Re: search and delete comma delimited file
by Popcorn Dave (Abbot) on Dec 08, 2004 at 23:52 UTC
    Another thing you might try - and this is only if your data holds as your examples - is something I did for a stock tracking program. The trick is though that your data is always in the same format. Just split it and grab what you need.

    In my case, I'm getting static stocks data from Yahoo Finance and I expect it to be in a certain order, so I just split it, and only take what I'm after. If your data is going to change, then this isn't going to do it for you.
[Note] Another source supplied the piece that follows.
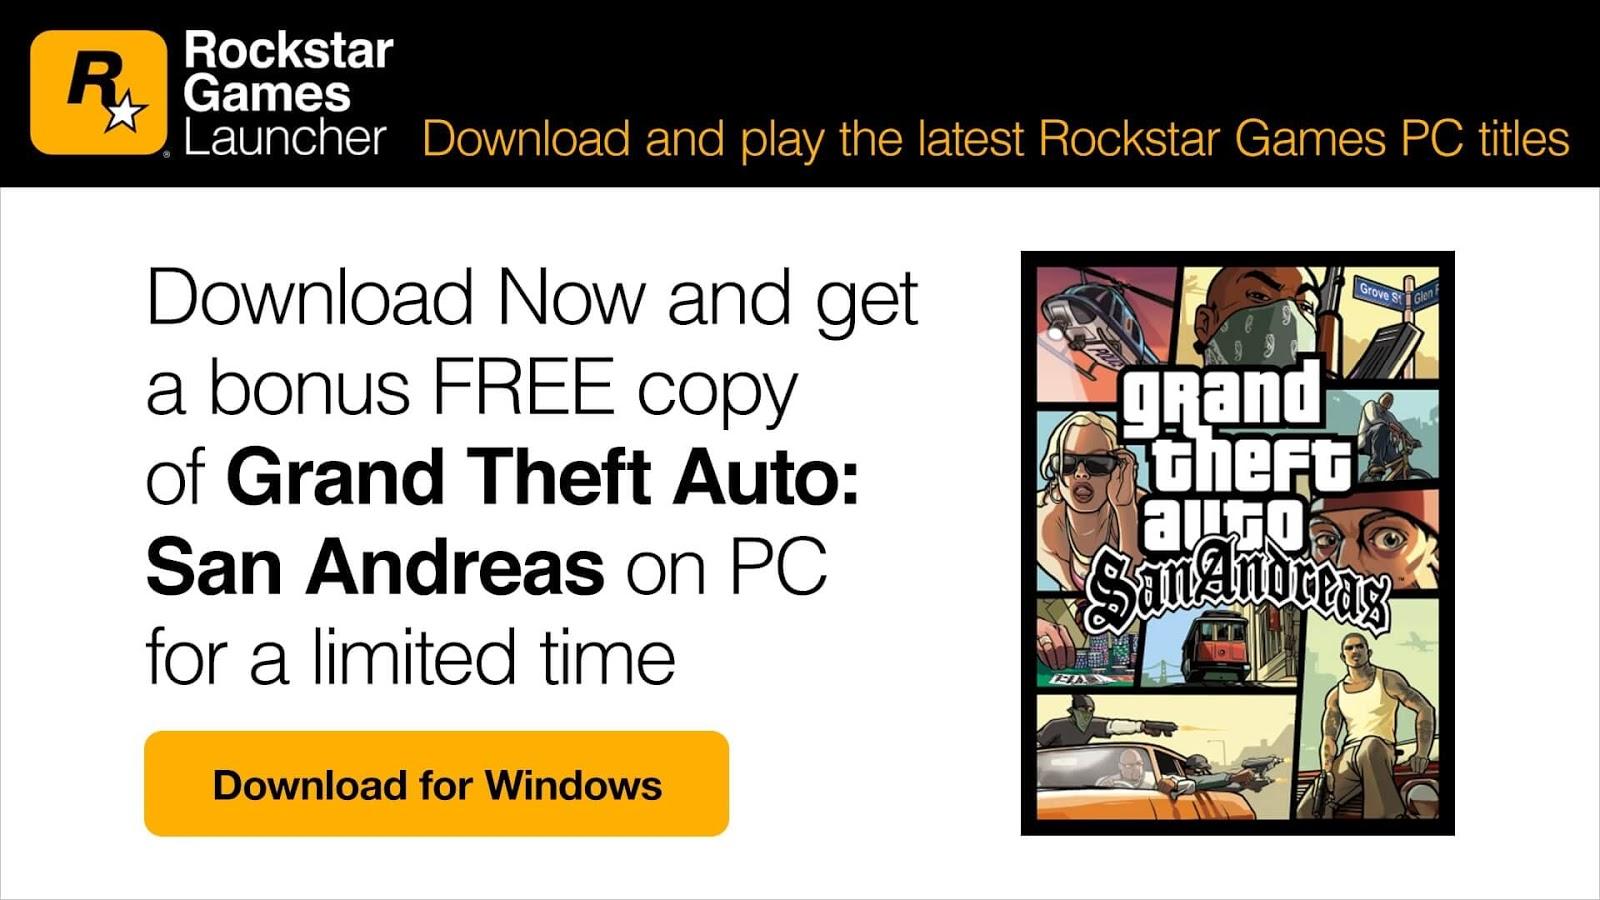 Grand Theft Auto San Andreas: Αποκτήστε το εντελώς δωρεάν!!

HTH

    #!/usr/bin/perl use strict; use warnings; my @results; my $relevant; while (<DATA>){ (undef, undef, undef, $relevant) = split ('","',$_); push(@results, $relevant); } print join("\n", @results); __DATA__ "1495107228781574","SomeCompany, Inc.","8335788590132972","kerpow.org" +,"Active","Jan 27 2000 9:02PM","May 1 2004 12:34PM","May 28 2005 2:02 +AM" "1495107228781574","SomeCompany, Inc.","1802975834647670","squish.com" +,"Active","Jul 15 2004 1:49PM","May 2 2004 11:05PM","May 19 2005 11:0 +5PM" "1495107228781574","SomeCompany, Inc.","4430459098697337","wanka.com", +"Active","Nov 9 2004 9:29AM","May 3 2004 2:14PM","May 16 2005 2:14PM" "1495107228781574","SomeCompany, Inc.","2113292909703608","blah.com"," +Active","Jan 16 2003 10:48AM","May 4 2004 12:34PM","May 16 2005 5:48A +M"

    Output:

    kerpow.org
    squish.com
    wanka.com
    blah.com

    Useless trivia: In the 2004 Las Vegas phone book there are approximately 28 pages of ads for massage, but almost 200 for lawyers.
      Popcorn Dave,

      Okay, this absolutely sits side by side with the sunrise, that I so was lucky
      to be able to witness this morning...

      I'm going to walk through the other responses as well so I can see the different
      ways to approach and visualize this data! THANK YOU! :)


      Oh yeah, I also wanted to give you a blurb of, 'this is was what I did to make
      this work on my end.'

      I took this line of code:
      while (<DATA>){

      and changed it to this:
      while (<>){

      so I could make the module read from STDIN and direct it to the new file:
      ./wicked.pl thefile.txt > thedataIneed.txt

      and like I said above...WOW!! What a beautiful sunrise!

      Simone~

      split ('","',$_);

      While this split works on the data set presented, it is definitely not a good general solution for CSV parsing. There are at least two kinds of valid CSV that will break it. In the first place, many CSV generators omit quotation marks around fields that don't contain embedded special characters so this is a valid three-field CSV record in braces: {foo,"a,b",7} in which the quote-comma-quote split would fail because there are not quotes around some of the field-separating commas. Also, if there are embedded quote marks in the data, those are usually escaped by doubling the quote marks so this is also a valid three-field CSV record: {7,"a"",""b",8}, in which the split would fail because it would find a non-field-separating quote-comma-quote pattern.

        No, you're right, I see that now, and that's a very good point. I was just trying to show something that I had used, with the caveat that it may or may not work for the OP's data. In my particular case, the data is just CSV so just a split on ',' with the undefs works.

        Useless trivia: In the 2004 Las Vegas phone book there are approximately 28 pages of ads for massage, but almost 200 for lawyers.